AFL to consider substitute system
The AFL will consider introducing a substitute system next season, possibly at the expense of interchange bench numbers.
Adelaide coach Neil Craig, Melbourne counterpart Dean Bailey, the Western Bulldogs' Rodney Eade and Sydney's Paul Roos have all this week floated the idea of substitutes being allowed to replace injured players.
They would differ from current interchange players, in that once they took to the field the player they replaced would not be allowed to return.
AFL football operations manager Adrian Anderson said the league would consider that option as part of a post-season review of the interchange system.
They will also look at whether there is a link between increasing rotation of players through the bench and injuries.
Anderson said if substitutes were introduced, it might come on top of the current four-man interchange bench, or in exchange for reducing interchange players.
"We could conceivably have a model where there are four interchange, but one or two of them are substitutes," Anderson told the AFL website.
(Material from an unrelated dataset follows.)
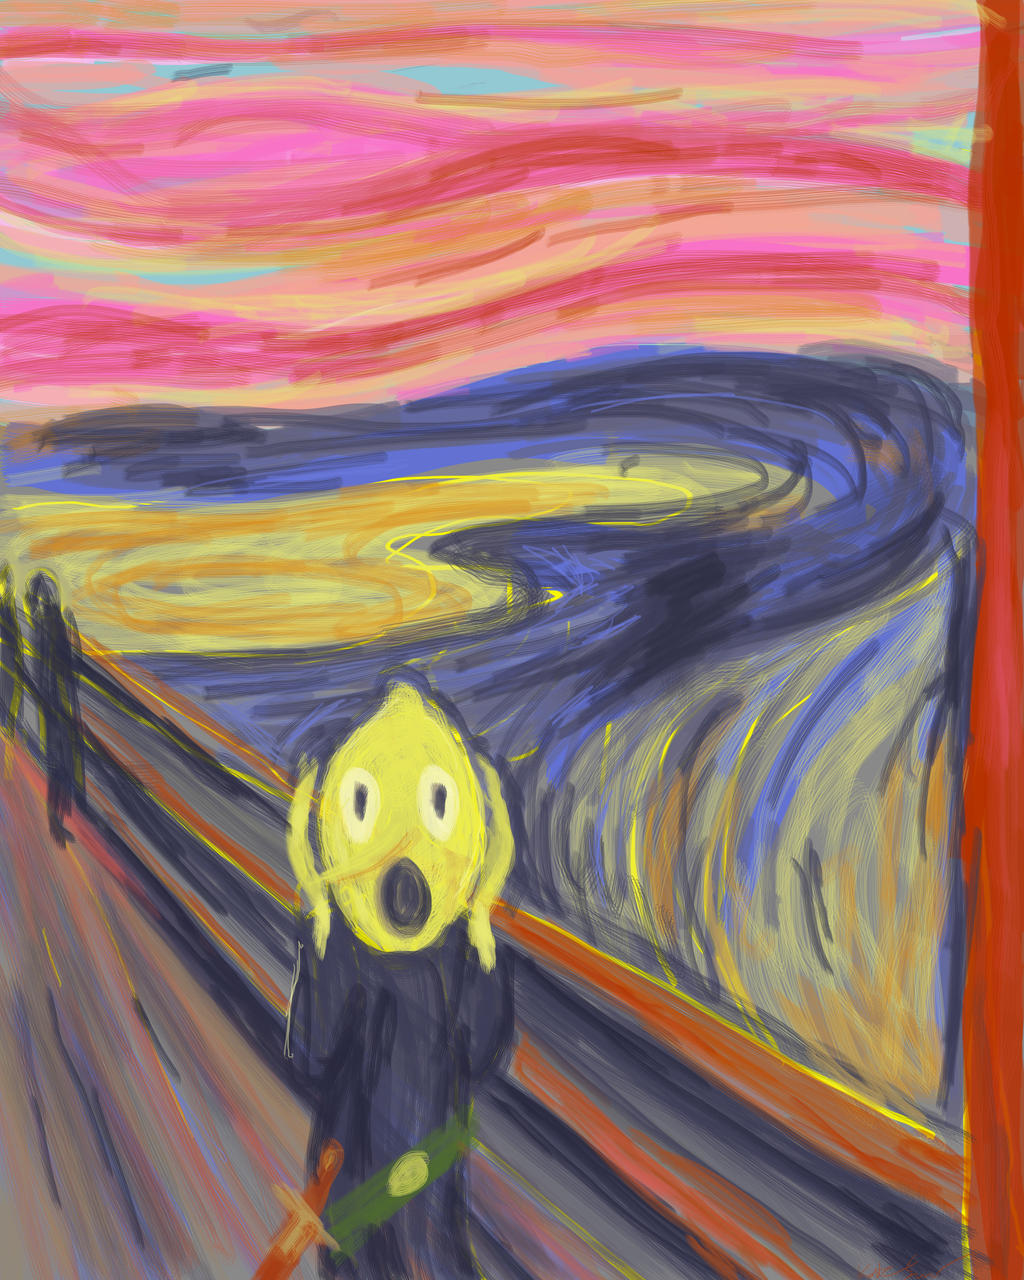 Lemongrab Scream by mossoak

"You could conceivably have a model where there were five interchange and three of them are substitutes or a whole other range of permutations and combinations."
He ruled out any changes during the current season.
But he said the league did not expect to expand the size of the interchange bench - not including substitutes - beyond the current four.
"There is a danger with increasing the interchange, (that) you will increase the speed of the players out there on the ground and potentially the risk of collision injuries," he said.